Un paso fundamental para facilitar la importación de autos nuevos

Un nuevo esquema regulatorio elimina una de las principales trabas para importar vehículos nuevos como particular. El Certificado de Seguridad Vehicular reemplaza exigencias pensadas para grandes terminales y abre el debate sobre el impacto impositivo en los precios.

El Gobierno dio un paso clave en el proceso de desregulación del mercado automotor al facilitar la importación de autos nuevos en baja escala. A través del Decreto 196/25 y su implementación operativa mediante la Disposición 10/26 de la Agencia Nacional de Seguridad Vial (ANSV), se habilitó un mecanismo alternativo para que vehículos 0 km puedan circular sin necesidad de contar con la tradicional Licencia de Configuración de Modelo (LCM) y la Licencia de Configuración Ambiental (LCA).

Según explicó el ministro Federico Sturzenegger, durante años el acceso a modelos que se ofrecen en otros países estuvo limitado en la Argentina por dos grandes barreras: una regulatoria y otra impositiva. En el plano normativo, las exigencias de LCM y LCA implicaban trámites complejos, ensayos técnicos costosos y procesos diseñados exclusivamente para terminales automotrices o grandes importadores, lo que hacía prácticamente inviable que un particular pudiera importar una sola unidad.

Con el nuevo esquema, los autos 0 km que no cuenten con LCM o LCA podrán habilitarse para circular mediante el Certificado de Seguridad Vehicular (CSV). Se trata de una verificación técnica y mecánica profunda —más exigente que una VTV— que puede realizarse en talleres habilitados o a través de un informe técnico firmado por un ingeniero matriculado. El costo estimado para particulares ronda los 100.000 pesos, con un trámite más rápido, simple y proporcional al volumen importado.

Desde el Ministerio de Desregulación destacan que esta medida elimina una traba que bloqueaba la importación en baja escala y allana el camino para una mayor variedad de modelos y mayor competencia. En términos económicos, el cambio apunta a introducir presión competitiva en un mercado históricamente concentrado y con oferta limitada, uno de los factores que explica los elevados precios de los vehículos en el país.
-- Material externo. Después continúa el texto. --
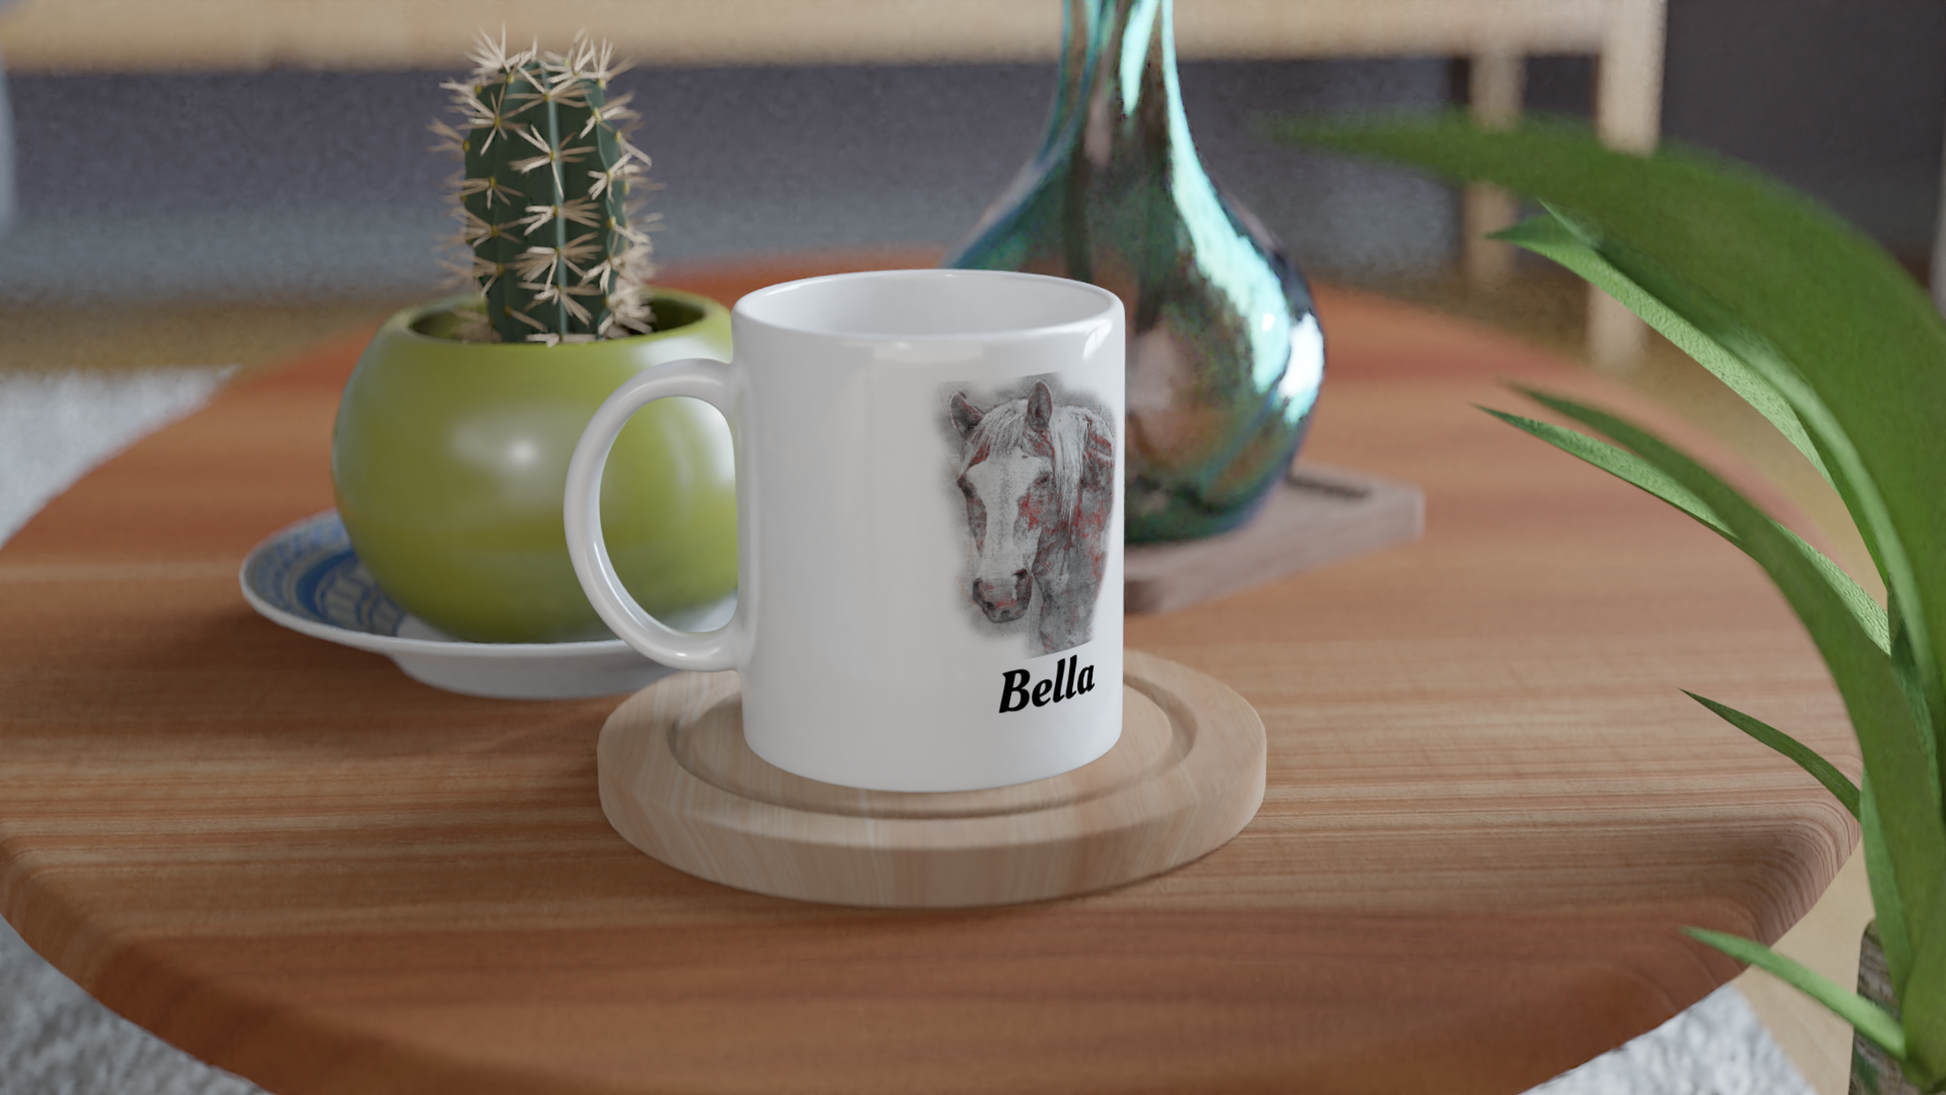 Hand Drawn Horse || 11oz Ceramic Mug - Pencil Drawing - Personalized; Personalized with your horse

Sin embargo, Sturzenegger advirtió que el principal desafío que aún persiste es el peso de la carga tributaria. A los aranceles de importación se suman tasas, IVA, anticipos de Ganancias y, especialmente, los impuestos internos, que en algunos casos pueden más que duplicar el valor original del vehículo. Esta estructura impositiva sigue siendo el principal obstáculo para que los precios locales se acerquen a los internacionales.

En ese sentido, el ministro recordó que el titular de Economía, Luis Caputo, incluyó en el proyecto de modernización económica una propuesta de reducción de impuestos internos. De concretarse, la combinación entre desregulación normativa y alivio fiscal podría traducirse en un mercado automotor con precios más competitivos, mayor diversidad de modelos y una renovación más rápida del parque vehicular.

Desde la mirada oficial, un parque automotor más moderno no solo implica beneficios económicos y mayor bienestar para los consumidores, sino también mejoras en materia de seguridad vial. La medida se inscribe así en una estrategia más amplia de apertura, competencia y desregulación, con impacto directo en uno de los sectores más sensibles para el consumo y la industria.